For the Open-Coupled male homosexual, frequency of cruising may be a relevant security consideration; in the San Francisco study, 28% of the males cruised at least once a week. Some lesbians in this category may need to be evaluated for emotional stability.

Functionals: These homosexual men and women organized their lives around their sexual experiences. The closest heterosexual counterpart would be the "swinging single." This group reported more sexual activity, a greater number of partners, more cruising, and less regret at being homosexual than any other group. They were not interested in finding a special partner to settle down with. They tended to be younger, exuberant, very involved with their many friends, more open in their homosexual activity, and involved in the homosexual community. They are also the most likely to have been arrested for a homosexual offense. This group was better adjusted than average, although not quite as well adjusted as the Close-Coupled group.

Although rather well-adjusted emotionally, the Functional homosexual's promiscuity, cruising, and frequent lack of discretion in sexual activity may be a security concern. Of the Functional male homosexuals in the San Francisco study, 76% were cruising at least once a week. Cruising of homosexual bars was characteristic of 65%, while 40% cruised on the street. The study found that every one of the male Functional homosexuals had at least 20 different sexual partners during the previous year. Many had far more than that. For an employee assigned or traveling overseas, this type of activity is likely to attract the attention of a local security or intelligence service. On the other hand, Functional homosexuals tend to be somewhat more open about their homosexuality and, therefore, less vulnerable to blackmail. Female homosexuals are far less likely than males to be promiscuous or to engage in anonymous sexual contacts.
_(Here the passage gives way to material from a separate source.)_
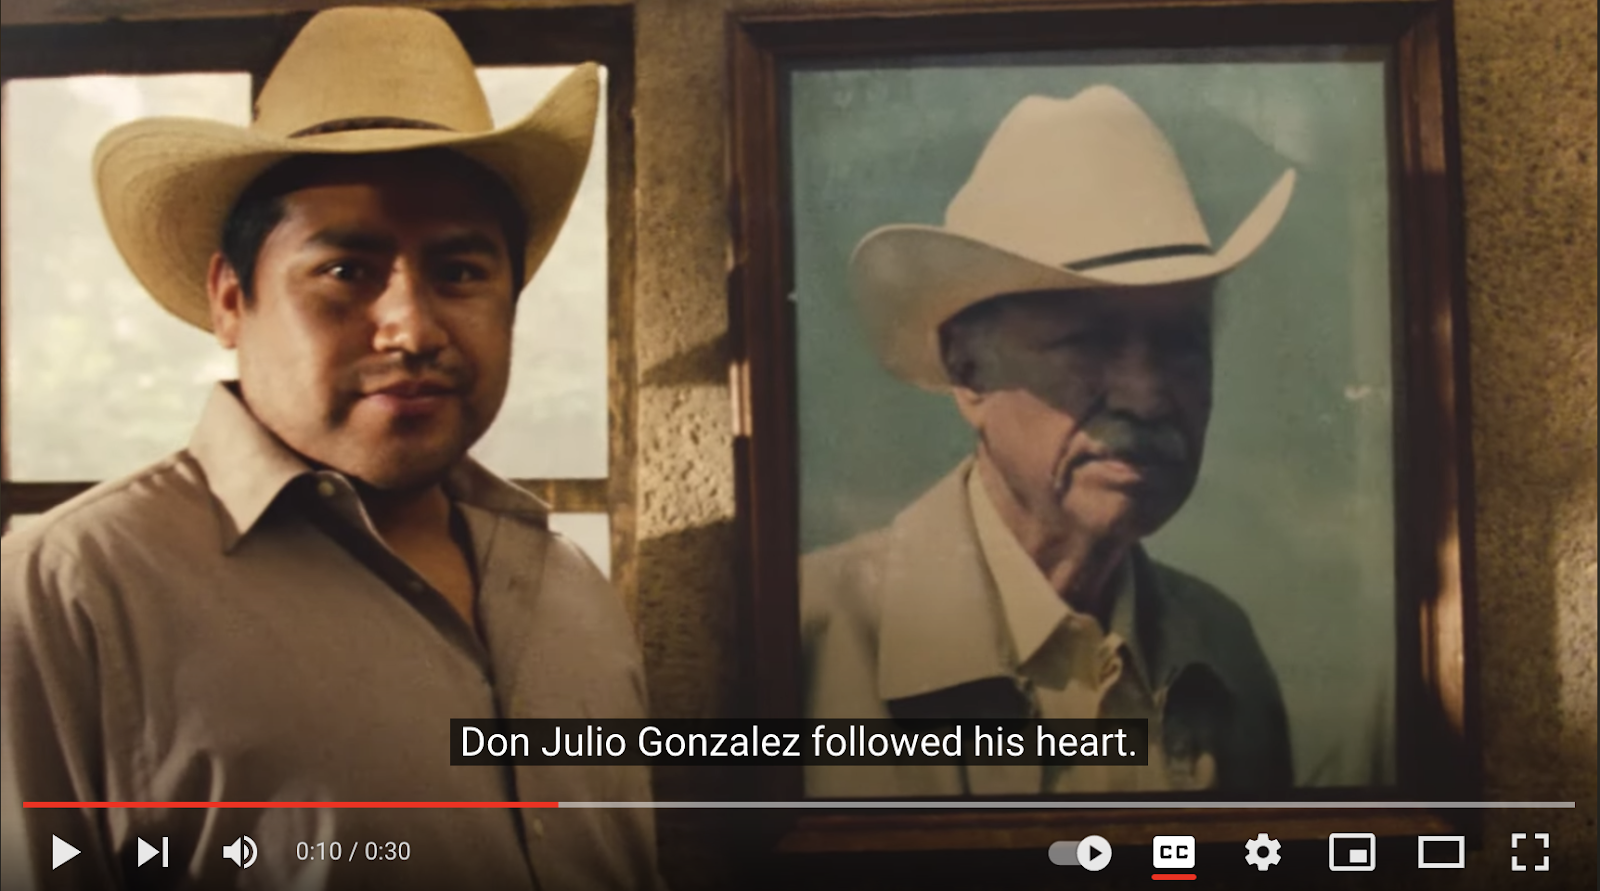 Screenshot of traditional marketing commercial repurposed as YouTube video. Man wearing a cowboy hat stands next to framed photo of Don Julio (namesake of brand) wearing a cowboy hat.

Cruising was unusual among Functional lesbians, and only 10% of them had more than 20 different sexual partners during the previous year.

Dysfunctionals: This group resembled the stereotype of the tormented homosexual. They were not coupled, but scored high on level of sexual activity and number of partners. They were troubled people whose lives offered little gratification. They showed a poor adjustment sexually, socially, and psychologically. They were much more likely to regret their homosexuality. Among the men, they were the most likely to report robbery, assault, extortion, or job difficulties as a result of their homosexuality. They were a bit less likely than the open-coupled males to have been arrested for a homosexual offense, but more likely to have been arrested for some other offense. The women were more likely than other homosexual types to have needed long-term professional help for an emotional problem. About 20% of the homosexuals clearly fell into this Dysfunctional category.

About 66% of the Dysfunctional male homosexuals cruised at least once a week, 90% had at least 20 sexual partners during the previous year, 80% reported difficulty finding suitable sexual partners, about half reported problems of psychological adjustment, and 43% reported that their homosexuality had harmed their career.

Individuals of this type may be vulnerable to exploitation by others, including hostile security or intelligence services. Psychological evaluation of emotional problems may be appropriate.

Asexuals: The most prominent characteristic of this group was a low sex drive and relative lack of involvement with other people. They were not coupled but differed from the Dysfunctionals by scoring low on level of sexual interest and number of partners. They had more sexual problems than other homosexuals and often complained of difficulty in finding a partner. They expressed more regret over their homosexuality, were less exclusively homosexual and more covert in their homosexual activity than other respondents. Female asexuals were more likely to rate themselves as bisexual and to have sought professional help concerning their sexual orientation.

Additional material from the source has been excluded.